Whenever Joanne Burkin has called for an ambulance for her husband — who has had three heart attacks — the ambulance dispatcher would always stay on the phone with her until help arrived.
But she said that changed when the province consolidated EMS dispatch last month.
“I’m standing here with a husband, who for all I know could have been dying. And there’s no ambulance here, and she hung up,” said Burkin about the 911 call she made Jan. 25 at about 9 p.m.
Burkin said she was told an ambulance was being routed to their home, she should lay her husband Ray on his side, and to call back if needed.
“I didn’t realize she was going to hang up on me.
“I’ve called a lot over the last few years and they I’ve always been told don’t hang up because if something happens they’re there to help you.”
Ambulance dispatch was consolidated for Red Deer, Lethbridge, Calgary and the Regional Municipality of Wood Buffalo on Jan. 12 despite ardent and continuous objections from the municipalities.
Mayor Tara Veer said that Red Deer dispatchers would most often stay on the phone with 911 callers until the first emergency responder arrived. Ending the call the way the dispatcher did with Burkin was “in my view a premature cutoff of an emergency call.”
“It really speaks to just one of the impacts that consolidation is having and will continue to have on our citizens,” Veer said.

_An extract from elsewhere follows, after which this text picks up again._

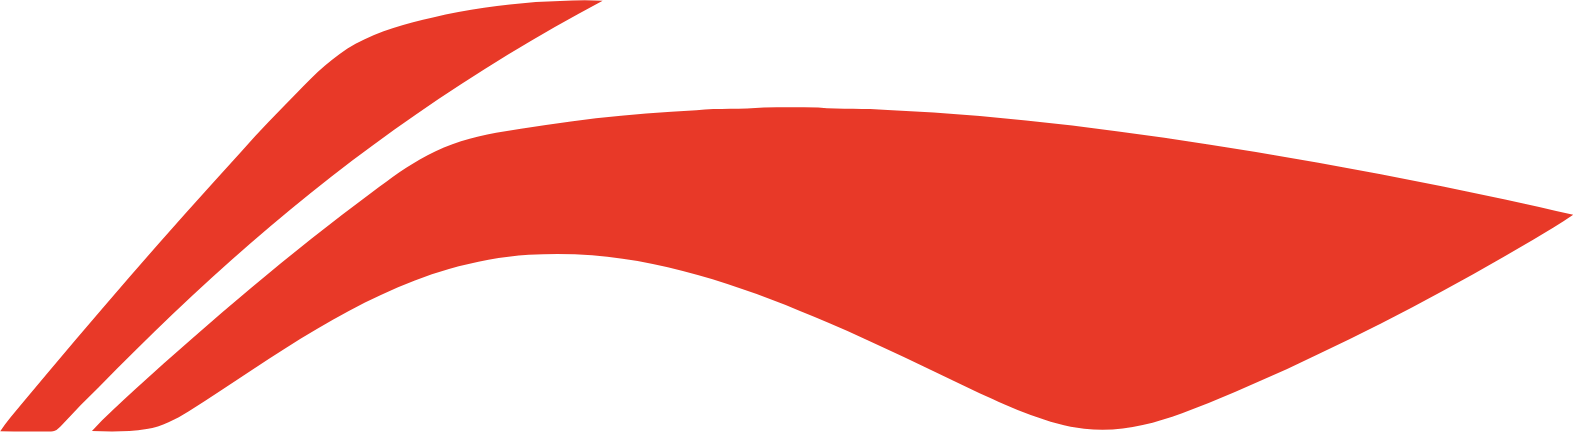 Li Ning Company logo (PNG transparent)

“We’re thankful for members of the public who are demonstrating the courage to come forward with their stories about how the consolidation has impacted them. Because the city is bound by patient confidentiality, it is important in the weeks and months to come that members of the public do come forward to share their experiences.”
On Monday, the four municipal mayors held a press conference calling for an immediate inquiry into a technical outage that impacted ambulance dispatch on Jan. 26, as well as a third-party external review of dispatch consolidation after multiple errors and delays.
Dispatch was consolidated at AHS communications centres in Peace River, Edmonton and Calgary, and the mayors want consolidation paused, saying AHS cannot meet the emergency dispatch demands.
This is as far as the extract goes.